Research project: Active Structural Acoustic Control

Currently Active: 

The poor sound transmission loss at low frequencies of double wall constructions can be improved with ASTC systems. For example the sound transmission/radiation by the walls facing the interior of a room could be reduced with "Active Structural Acoustic Control" (ASAC) systems. This control approach improves the transmission loss of the enclosure walls by driving structural actuators mounted on the panels or frame structure of the double wall (Shakers, PZT patches, PVDF foils) in such a way as to minimise the vibration components of the panels that mainly contribute to the radiation of sound to the interior.
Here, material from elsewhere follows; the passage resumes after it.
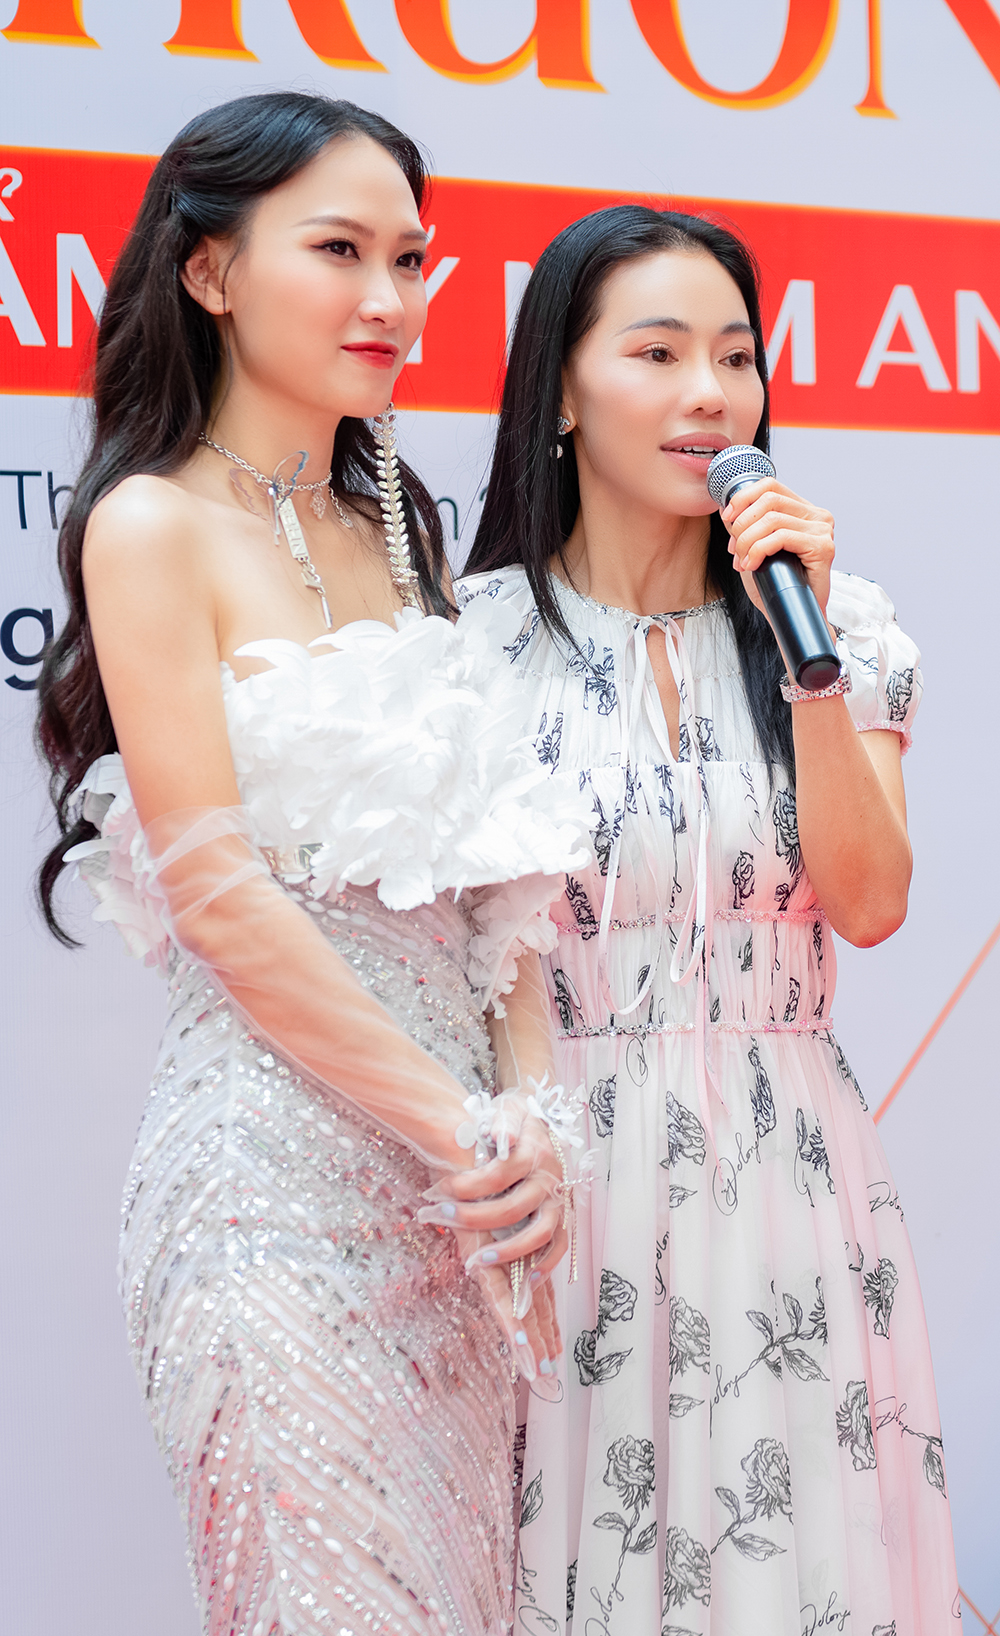 Hoa hậu Mai Phương đọ sắc với dàn hoa, á hậu, tiết lộ công việc tại VTV - Ảnh 6.

These vibration components, also called radiation modes (Elliott and Johnson 1993), could be efficiently excited and measured by means of shaped piezoelectric foils that are embedded in the panels themselves (Johnson and Elliott 1995).

Project Overview

At present ISVR is investigating a particular configuration of an ASAC control system where two shaped PVDF foils are glued on either sides of an aluminium panel. 

ASAC control system

The quadratic shaping of the two foils allows the measurement of the net volume velocity component of the plate vibration and allows the application of a uniform force on the panel. It has been shown that in the low frequency range, where the panel is relatively small compared to an acoustic wavelength, the largest contribution to the sound radiation from the panel is due to the net volume velocity of the panel itself. Therefore, by driving the uniform force distributed actuator to minimise the volume velocity of the panel measured with the shaped PVDF foil the sound radiation from the panel at low frequency can be reduced.
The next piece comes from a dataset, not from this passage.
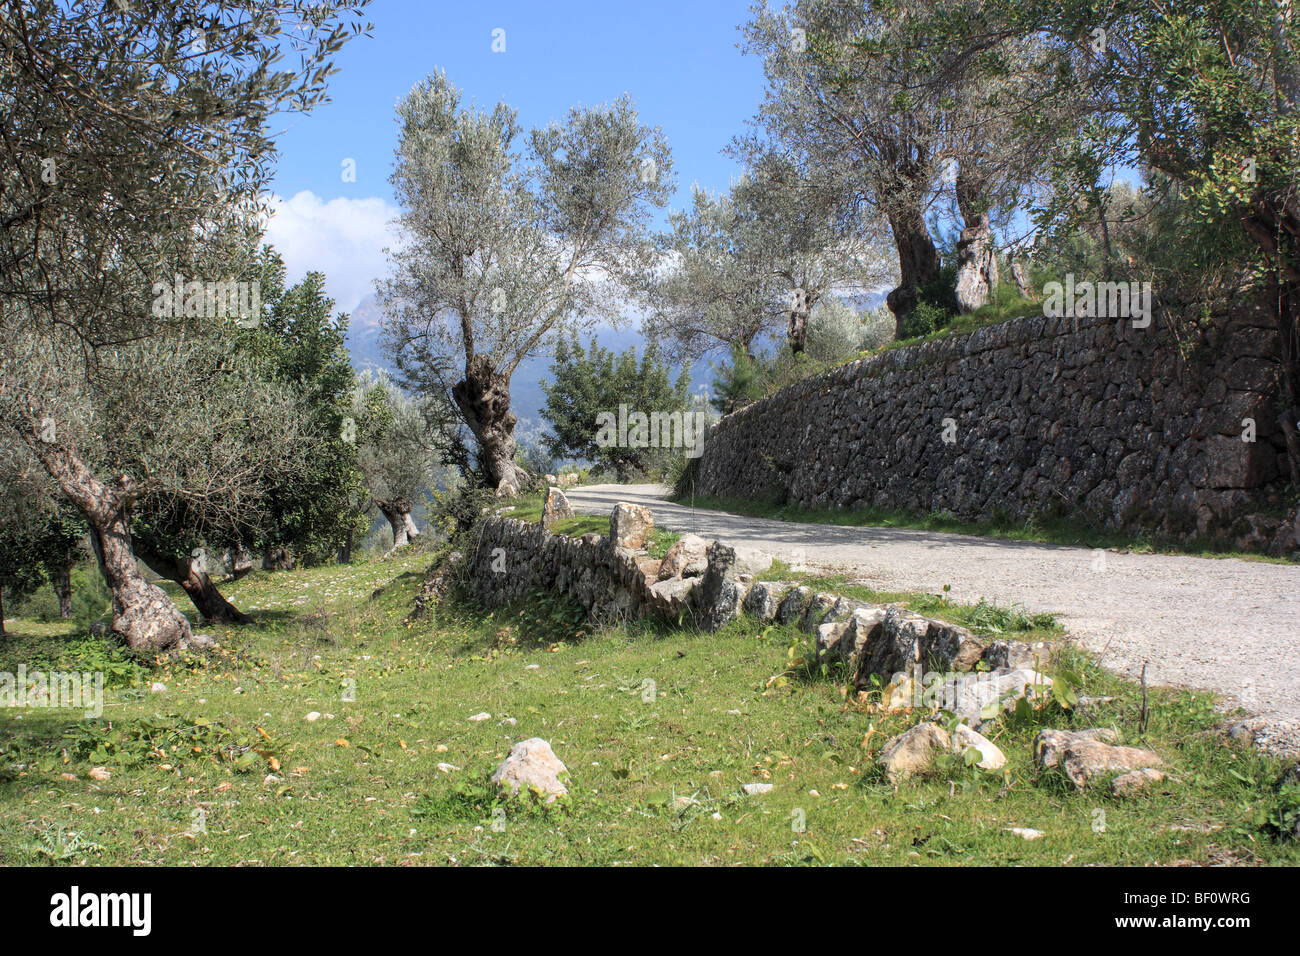 Olive grove near Sóller, Majorca Island, Spain Stock Photo

The novelty introduced by this project is the matched and collocated sensing actuation system. Two benefits are expected by the use of a collocated volume velocity sensor and a uniform force actuator: first, spillover phenomena could be avoided and second, it should be possible to implement a feedback control architecture which allows the use of this control system in applications where a reference signal of the incident noise on the panel is not available as well.

With this technology the walls of an enclosure would be formed by a number of these panels which work as modular systems. In this way a simple, light and inexpensive control system can be built. In fact each panel would be equipped with two light PVDF foils to form a matched and collocated sensor/actuator pair and small and simple Single-Input-Single-Output (SISO) analogue controller would be sufficient to drive the uniform force actuator to minimise the measured volume velocity.